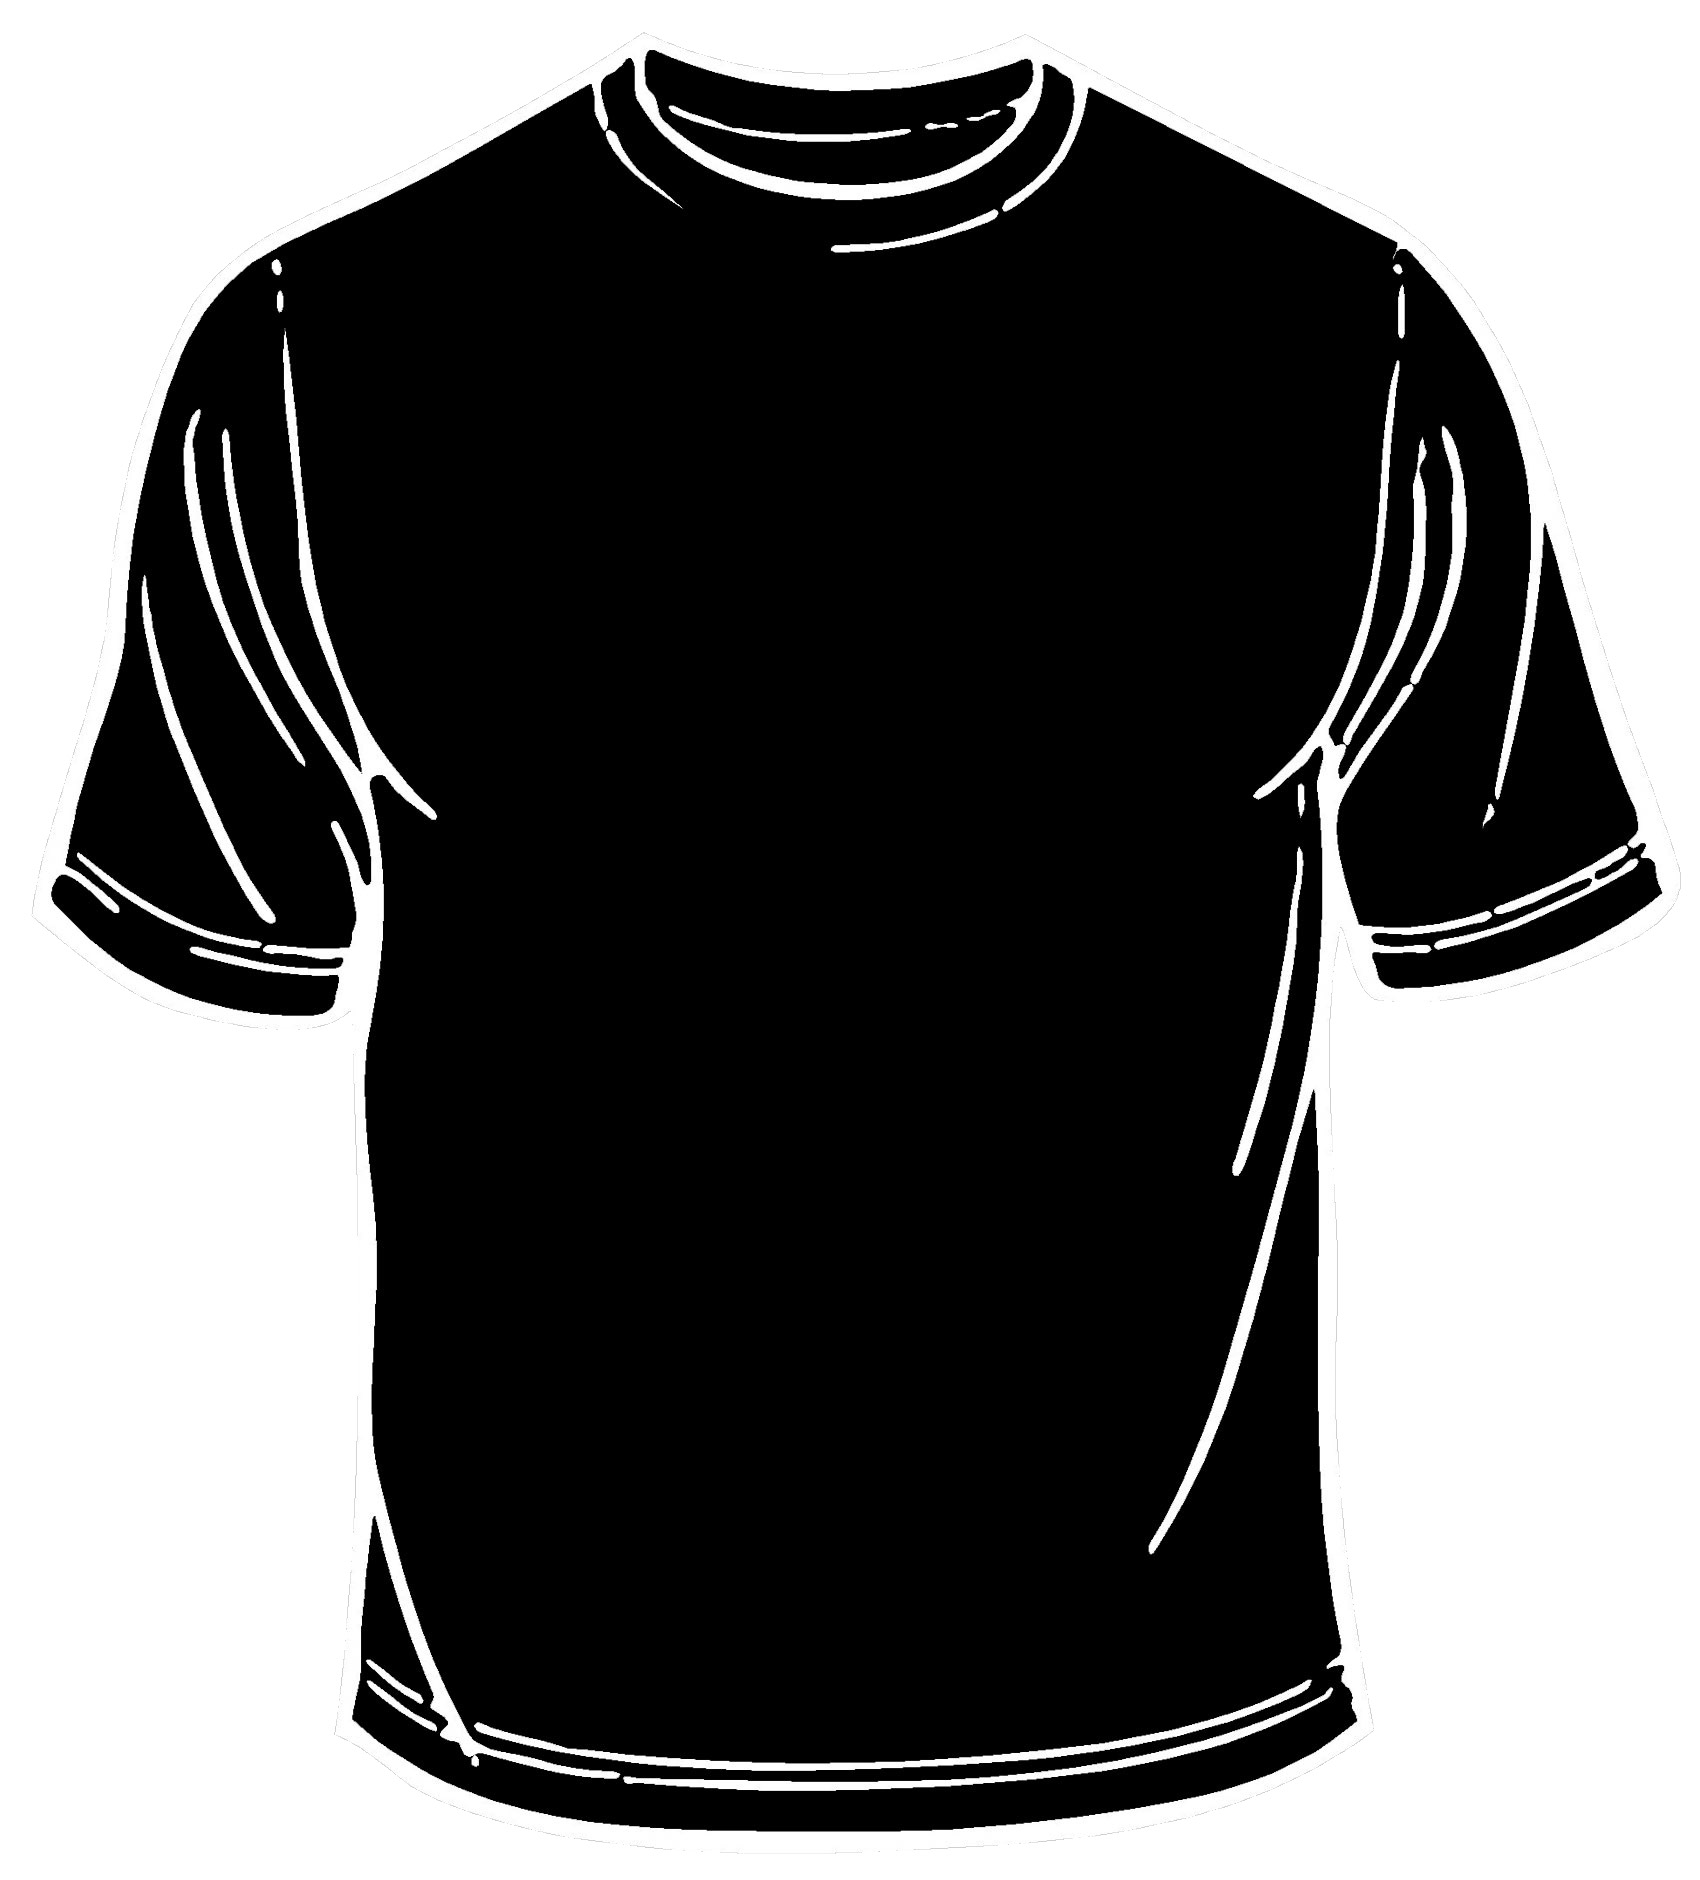 Images For > Black T Shirt Model Template - ClipArt Best - ClipArt Best
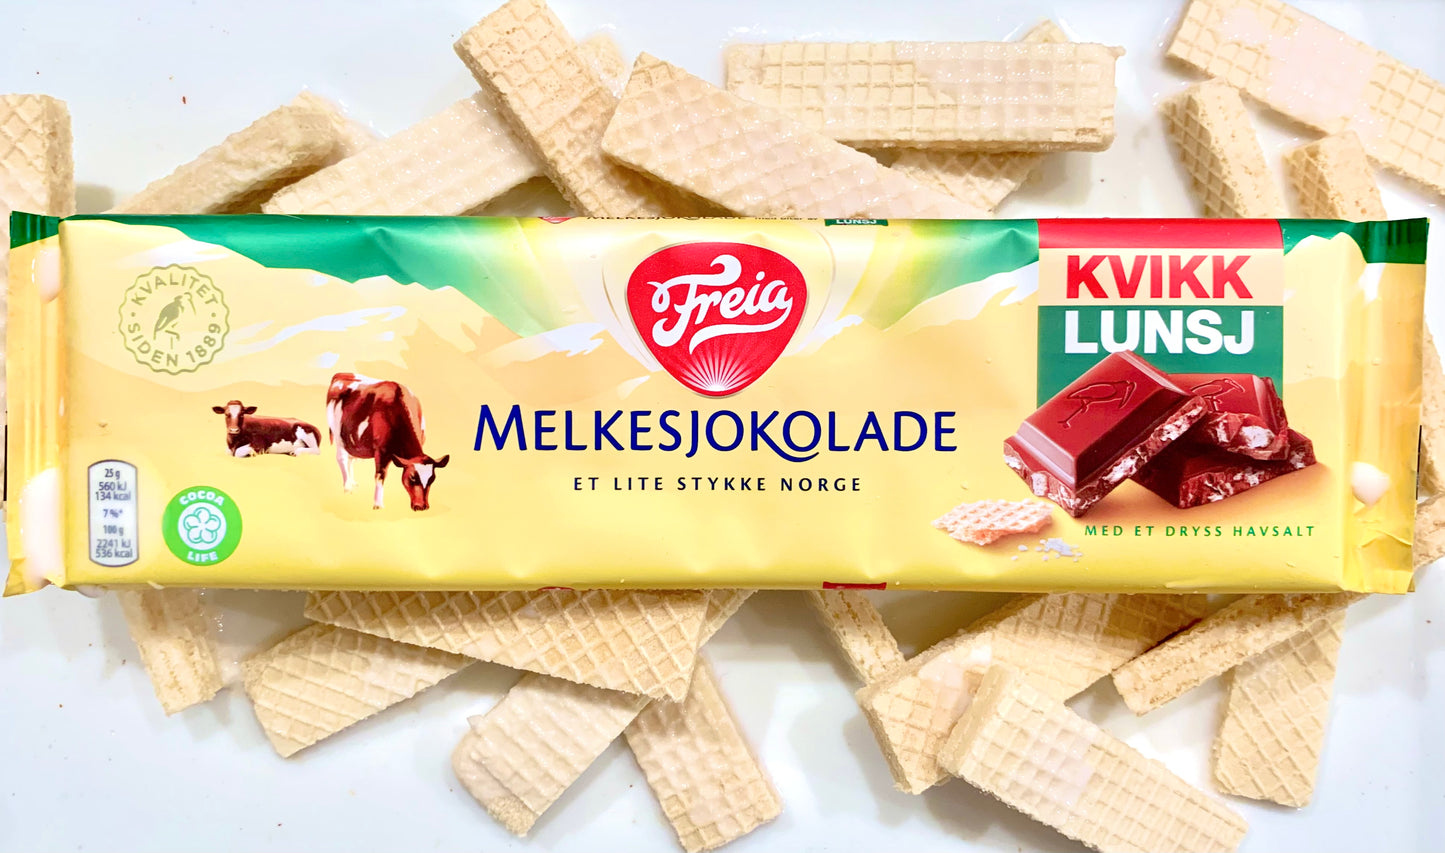 Freia Melkesjokolade Kvikk Lunsj - Freia Milk Chocolate with Kvikk Lunsj 200 grams (7 oz)
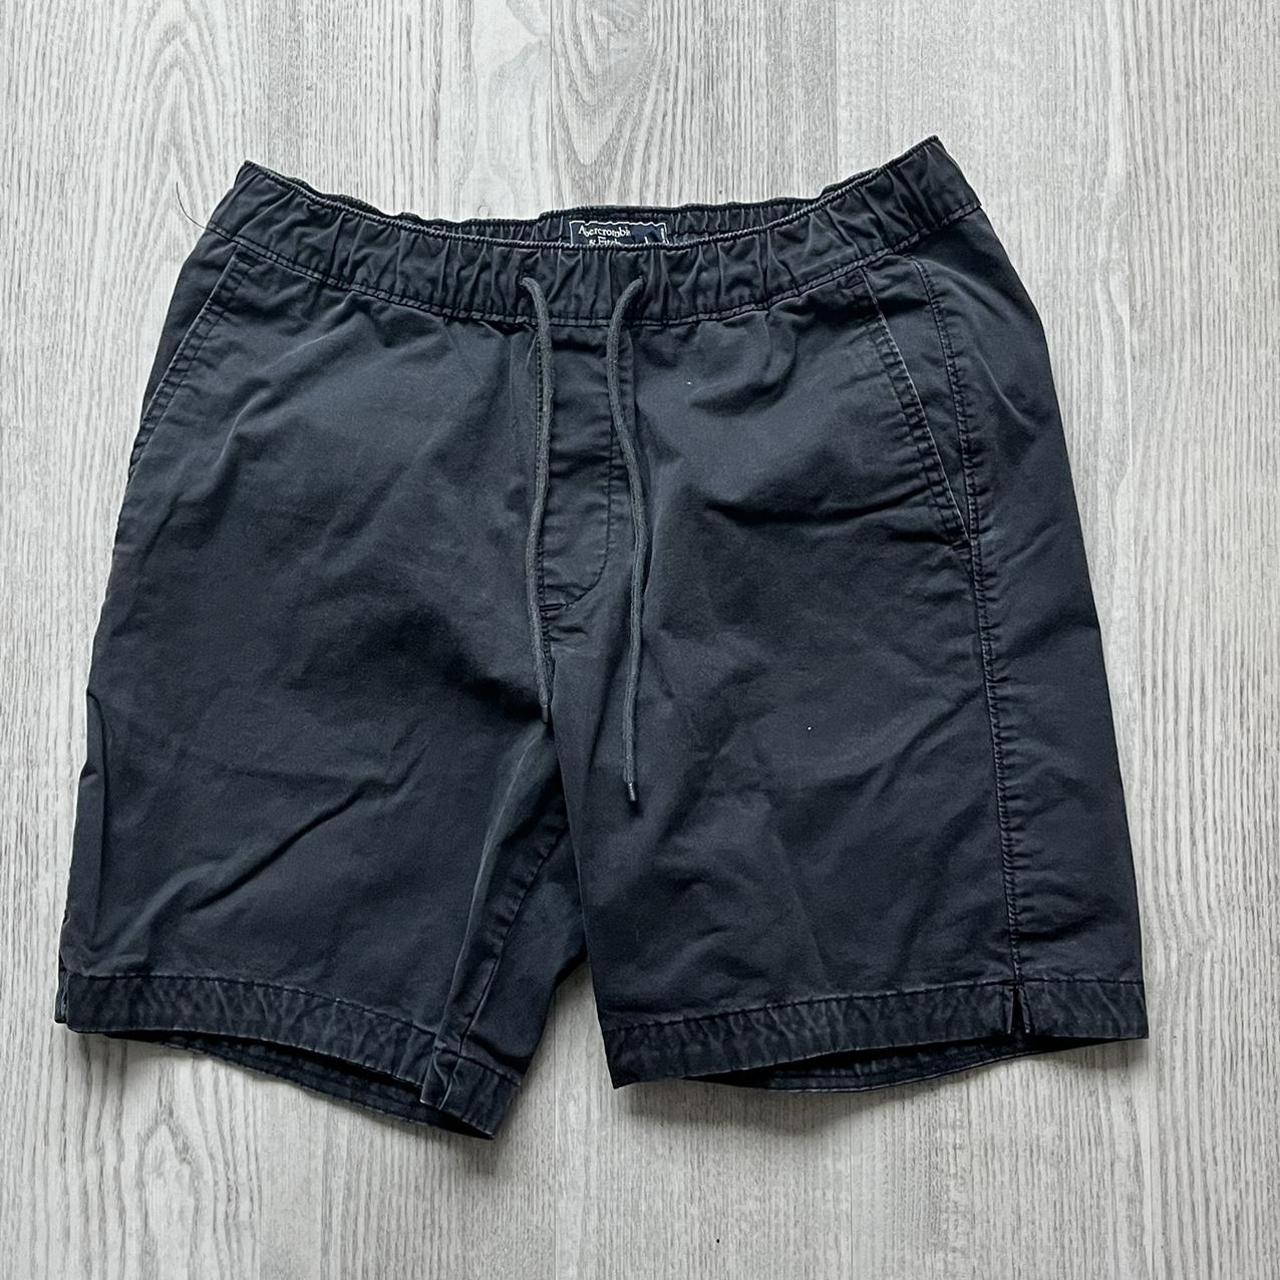 Abercrombie & Fitch Men's Navy Shorts | Depop
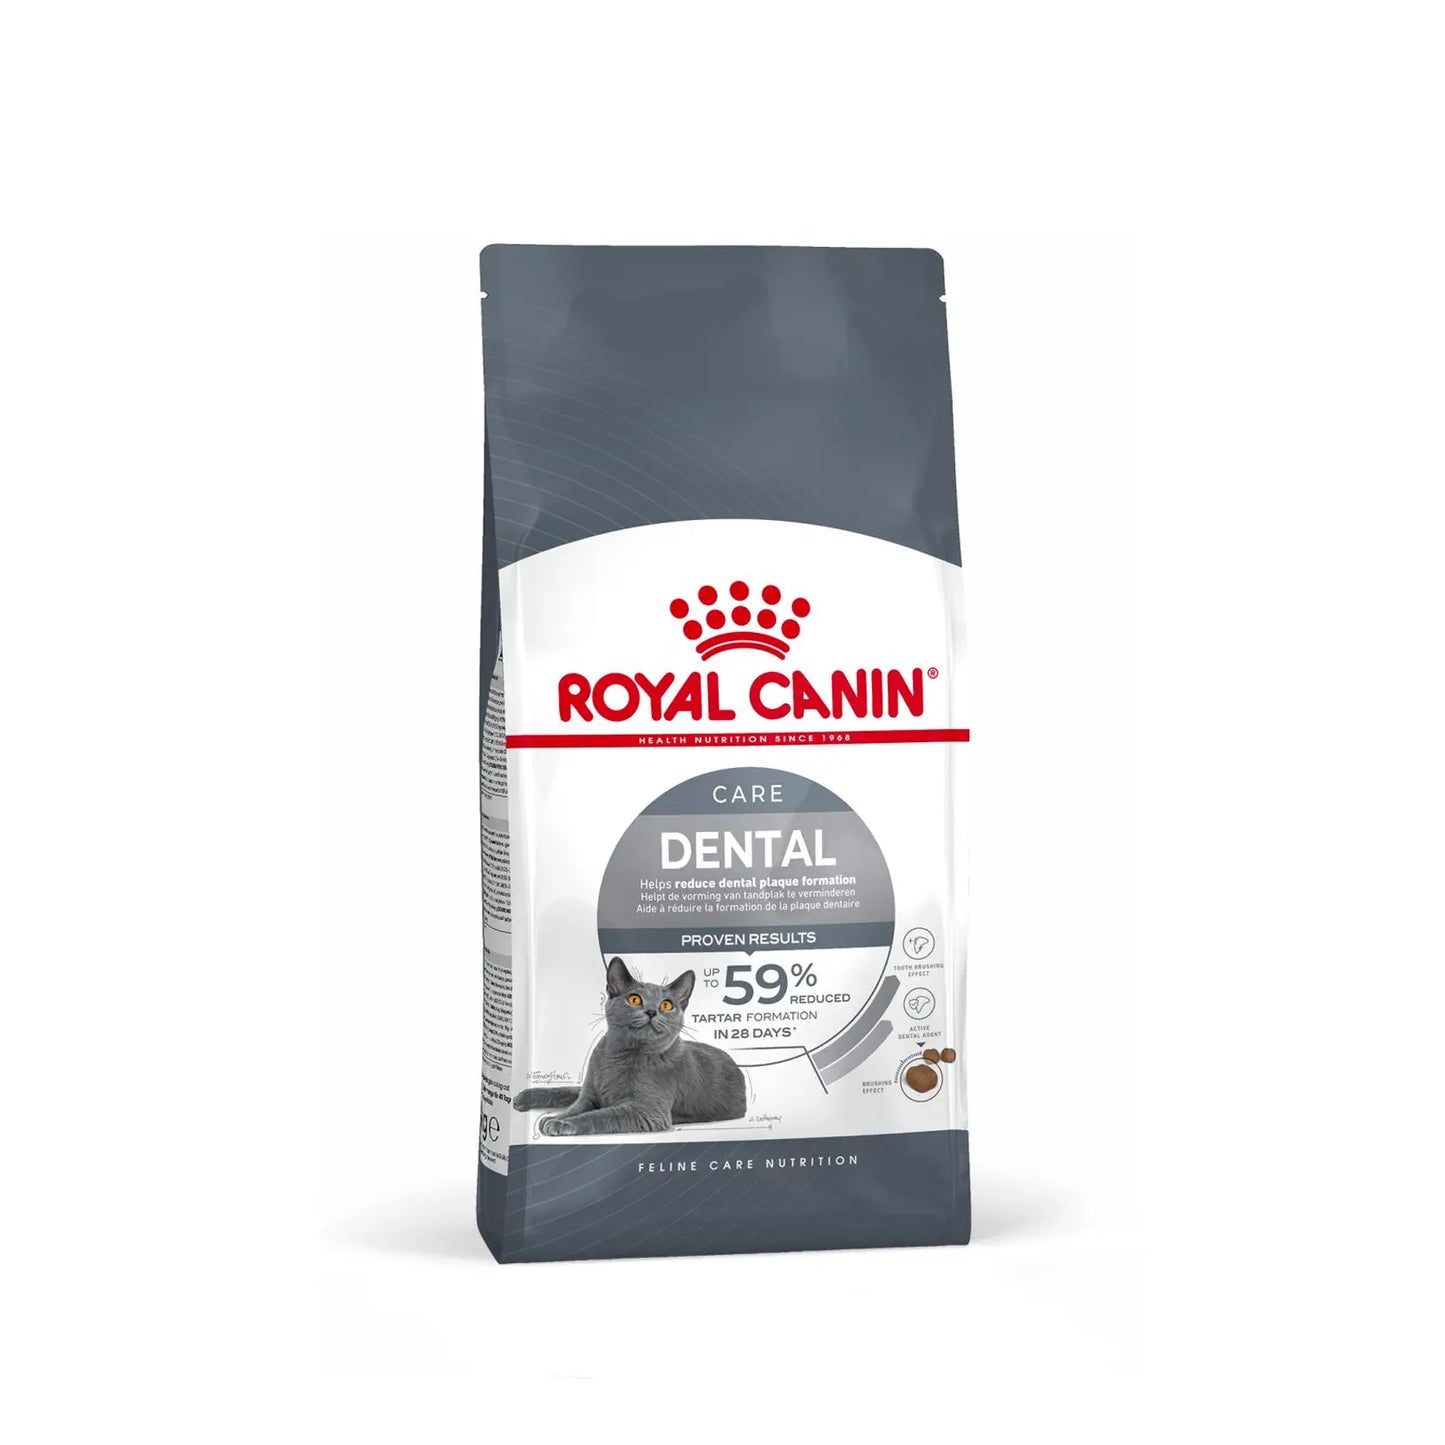 Royal Canin - Care Dental Cat Dry Food
══════════════════════════════
◆ WHAT NEEDS TO BE DONE ◆
Copy nothing but the lines above from the one with "Abercrombie & Fitch" through the end of the material, word for word, and drop the pictures.

◆ COMPLETED EXERCISE ◆
 Abercrombie & Fitch Men's Navy Shorts | Depop
 Royal Canin - Care Dental Cat Dry Food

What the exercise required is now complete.